Home | Terugblik Ketelaarlezing 2025 over persoonlijk en intiem erfgoed
Terugblik Ketelaarlezing 2025 over persoonlijk en intiem erfgoed
Gepubliceerd op: 11 - 11 - 2025
Trefwoorden
Permanente Educatie
Ketelaarlezing
Bas von Benda-Beckmann
Deel dit bericht
Op 10 november vond in het Noord-Hollands Archief in Haarlem de Ketelaarlezing 2025 plaats. Bas von Benda-Beckman vertelde over onderzoek naar familiegeschiedenis. Oorlogsarchieven bieden vaak een schat aan informatie, die je kunt typeren als persoonlijk, of zelfs als 'intiem erfgoed'. Waarom is het voor de archivaris én de archiefgebruiker zo belangrijk om het persoonlijke en intieme karakter van dit erfgoed te onderkennen?
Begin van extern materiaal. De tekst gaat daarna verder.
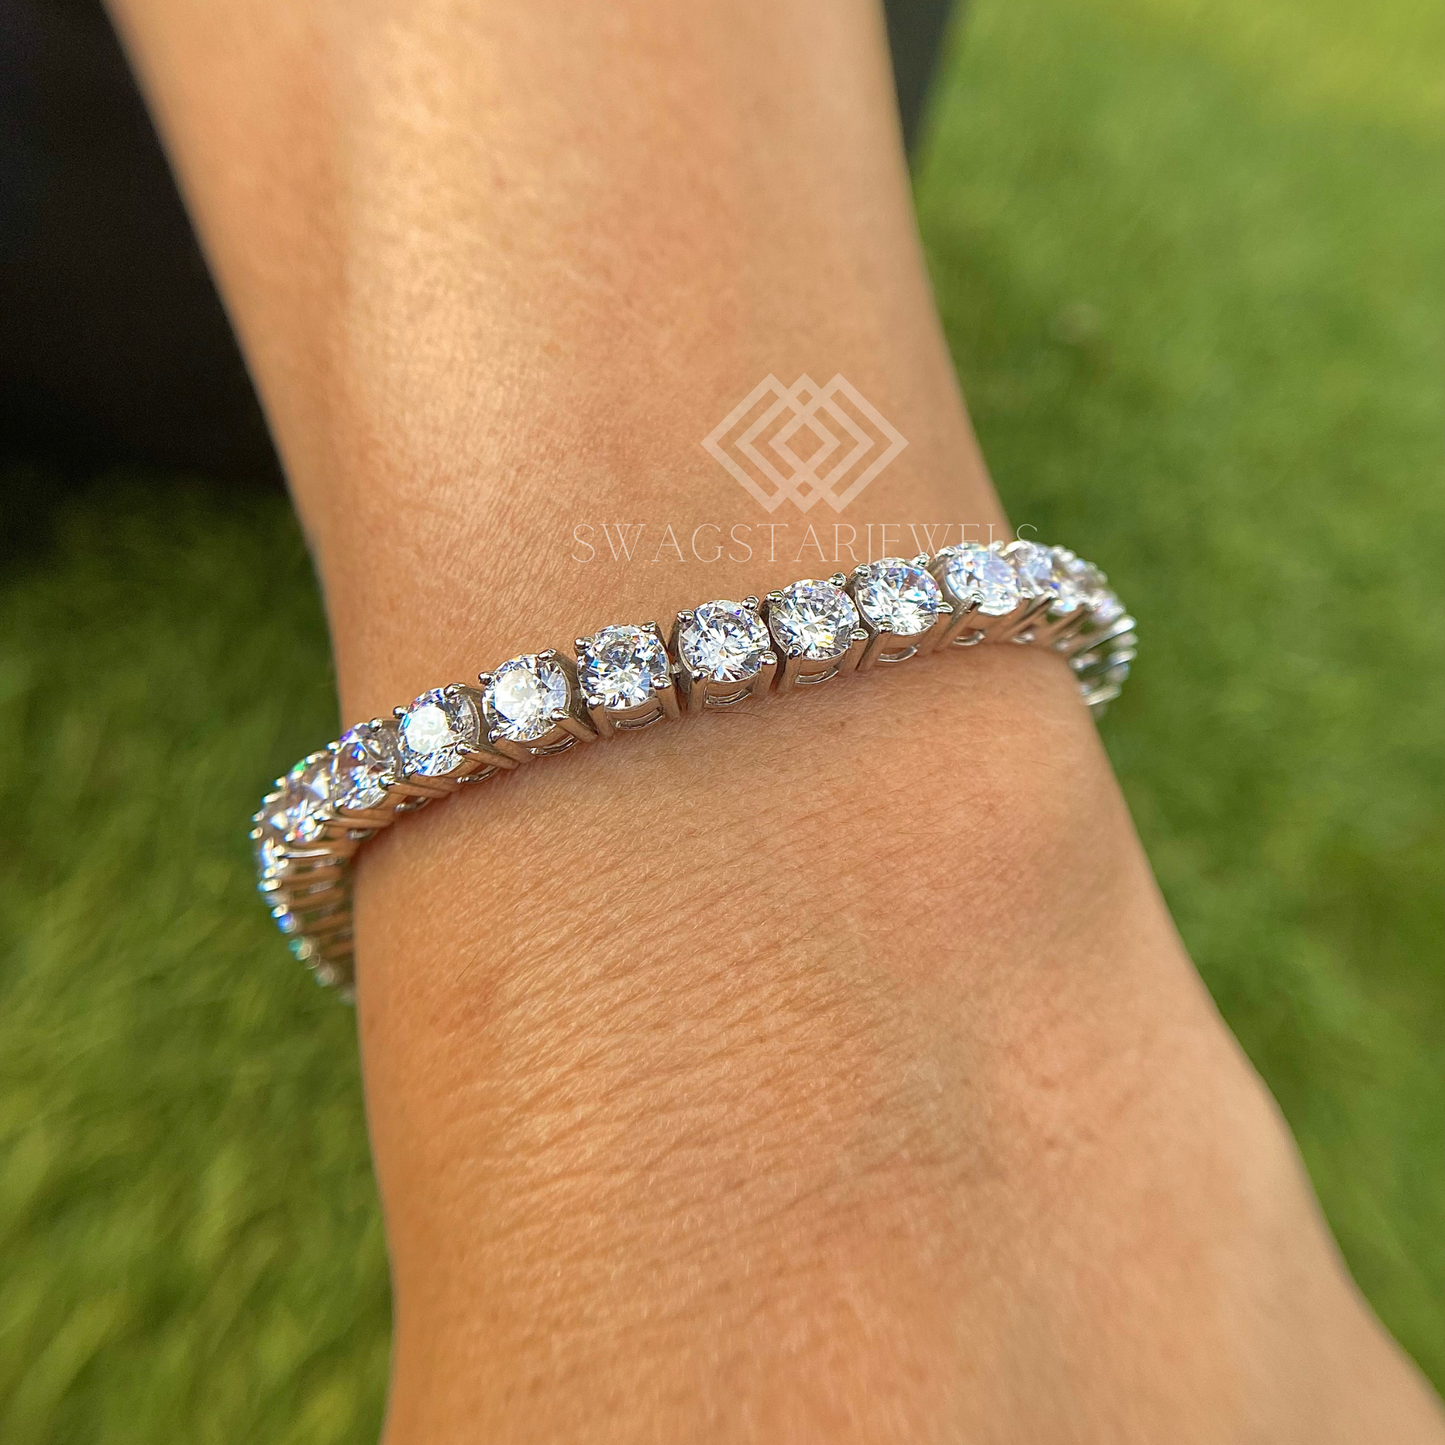 Round Shape Bracelet With Lab-Grown & Natural Diamonds, Jewelry By Leading Manufacturer From Swagstar, Surat. Explore Wedding, Engagement, Eternity Rings,  Earring & Studs, Bracelets In 10k, 14k, & 18k Gold Varieties, Including White, Yellow, Rose Gold.
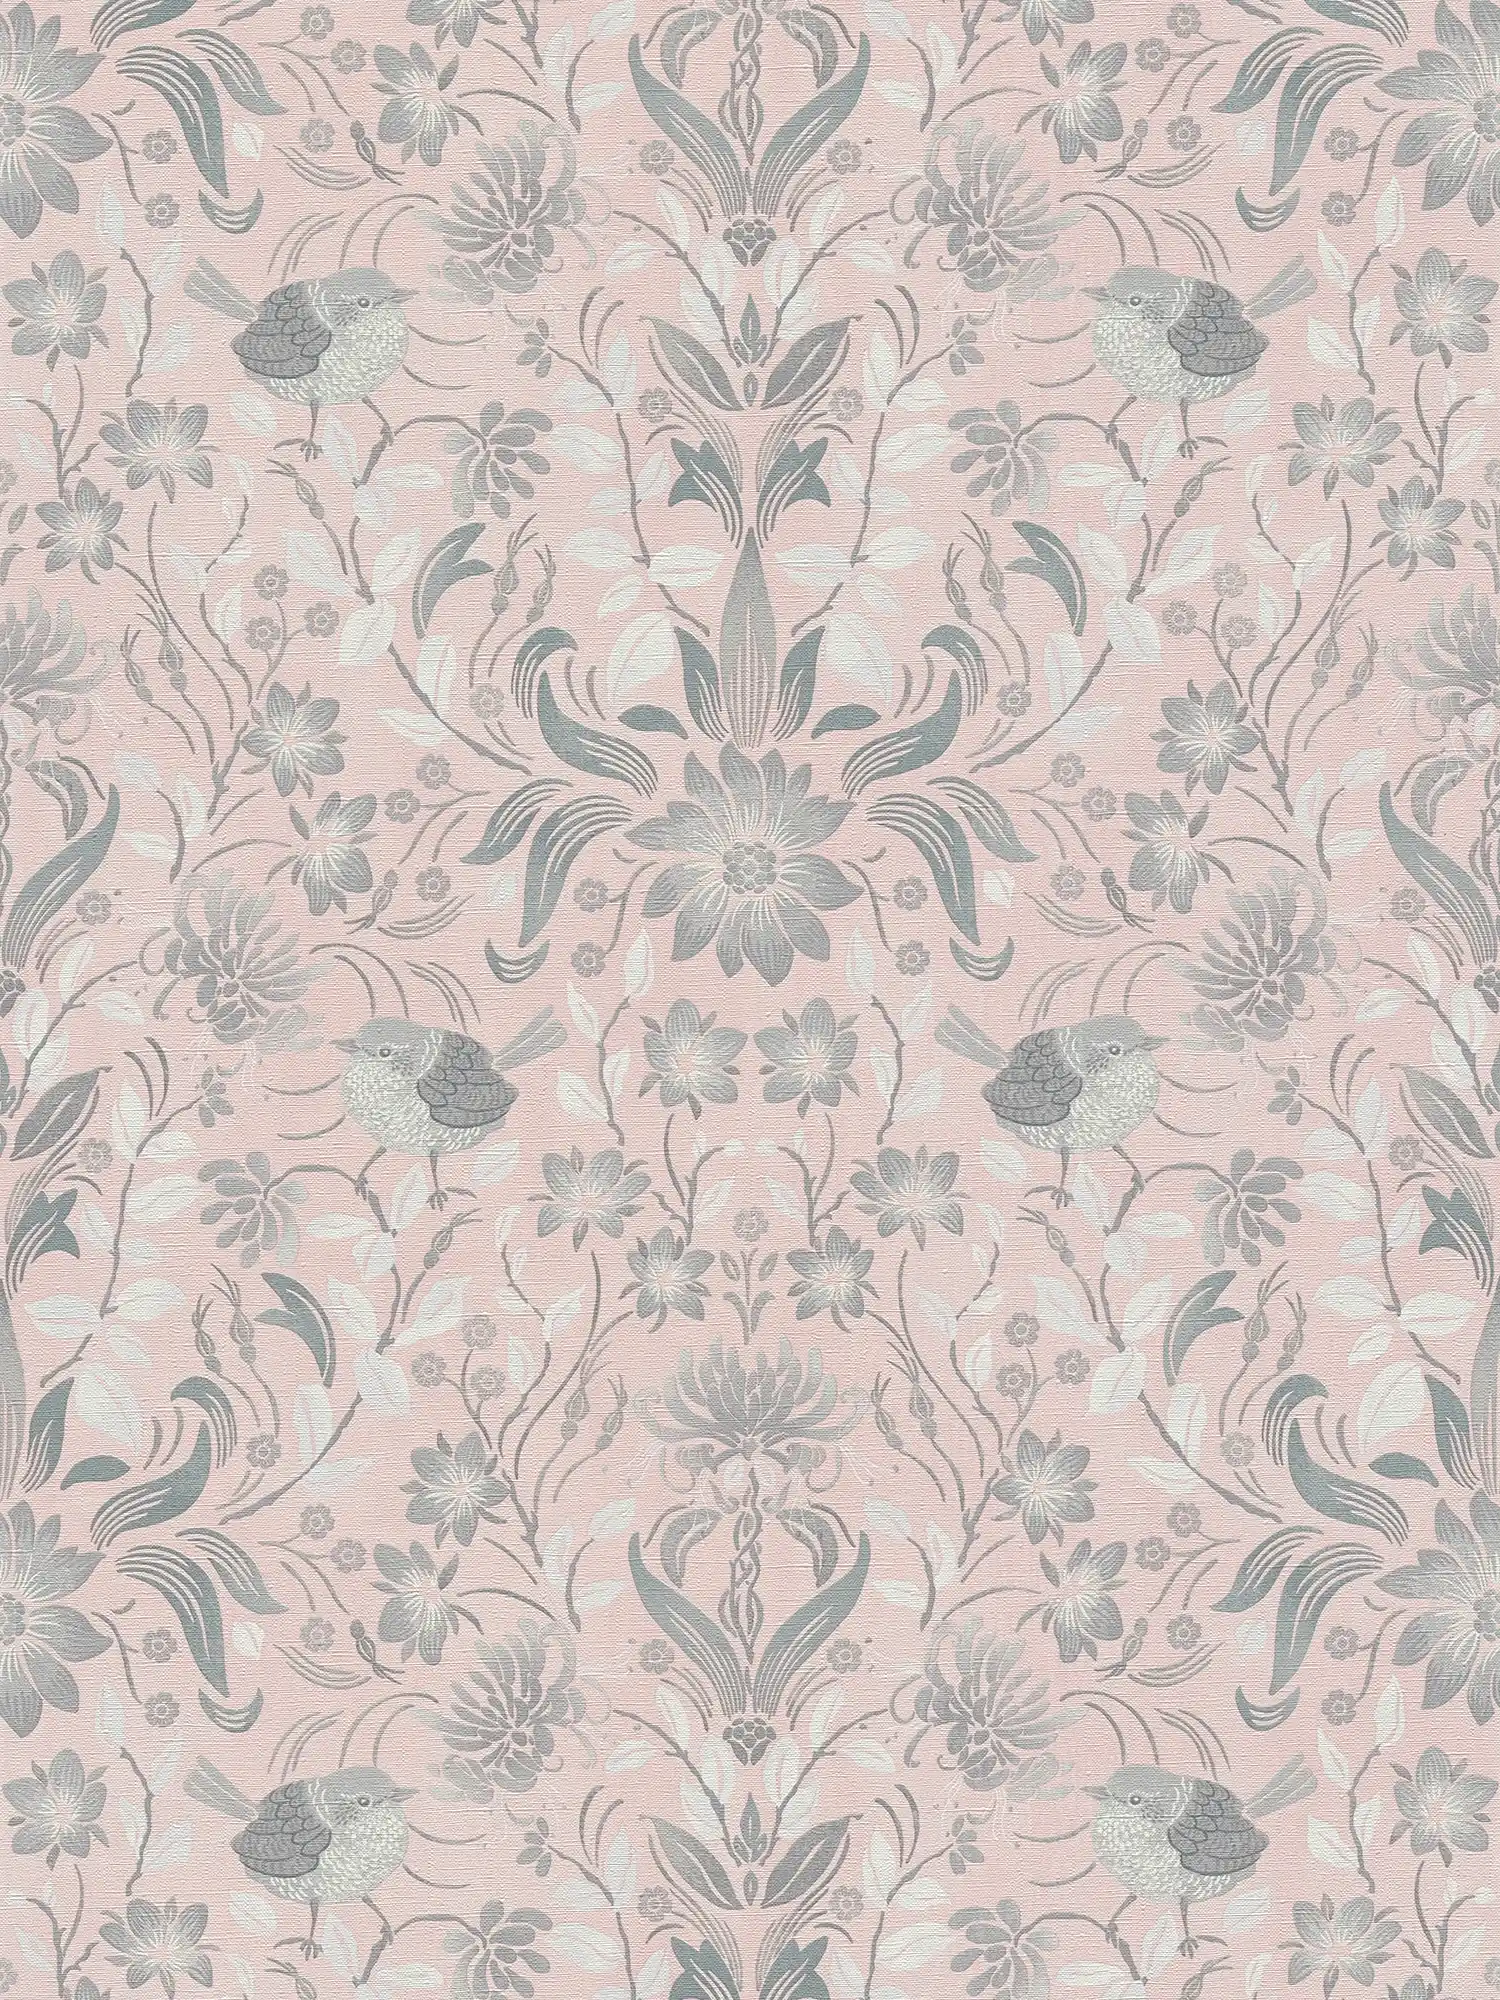 Birds and flowers wallpaper - pink, grey, white

Schrijver en historicus Bas von Benda-Beckmann schreef ruimhartig over zijn familiegeschiedenis in het prijswinnende boek ‘Het Kleedje voor Hitler’. In de Ketelaarlezing 2025 nam hij ons mee in zijn eigen onderzoekservaringen, de dynamiek tussen de onderzoeker en de archivaris, de persoonlijke context van de onderzoeker. Hij nodigde de aanwezigen uit reactie te geven en vragen en ervaringen te delen. Daar werd volop gebruik van gemaakt, ook door deelnemers van de workshop ‘Jouw familie in de oorlog’ dat Von Benda-Beckmann samen met onderzoeker Lies Schippers voorafgaand aan de lezing organiseerden.
De Ketelaarlezing belicht inmiddels ruim 20 jaar een actueel archiefthema dat grote impact heeft op de samenleving en is een gezamenlijk initiatief van het Nationaal Archief en KVAN.
Dit jaar vond het voor het eerst in Haarlem plaats. ‘Een mooi gegeven’, aldus Willeke de Groot, directeur Noord-Hollands Archief en voorzitter van KVAN in haar openingswoord. ‘KVAN is opgericht in 1891 hier in Haarlem. Daarmee is KVAN de oudste vereniging ter wereld in de archiefsector. Het is hier ooit begonnen en dat mogen we nu doorzetten.’ Afelonne Doek, Algemeen Rijksarchivaris sloot de bijeenkomst af. Zij gaf ook aan dat de Ketelaarlezing voortaan in de regio plaatsvindt. ‘Zo kunnen we meer publiek vanuit de maatschappij bij een actueel archiefthema betrekken. We gaan het land in.’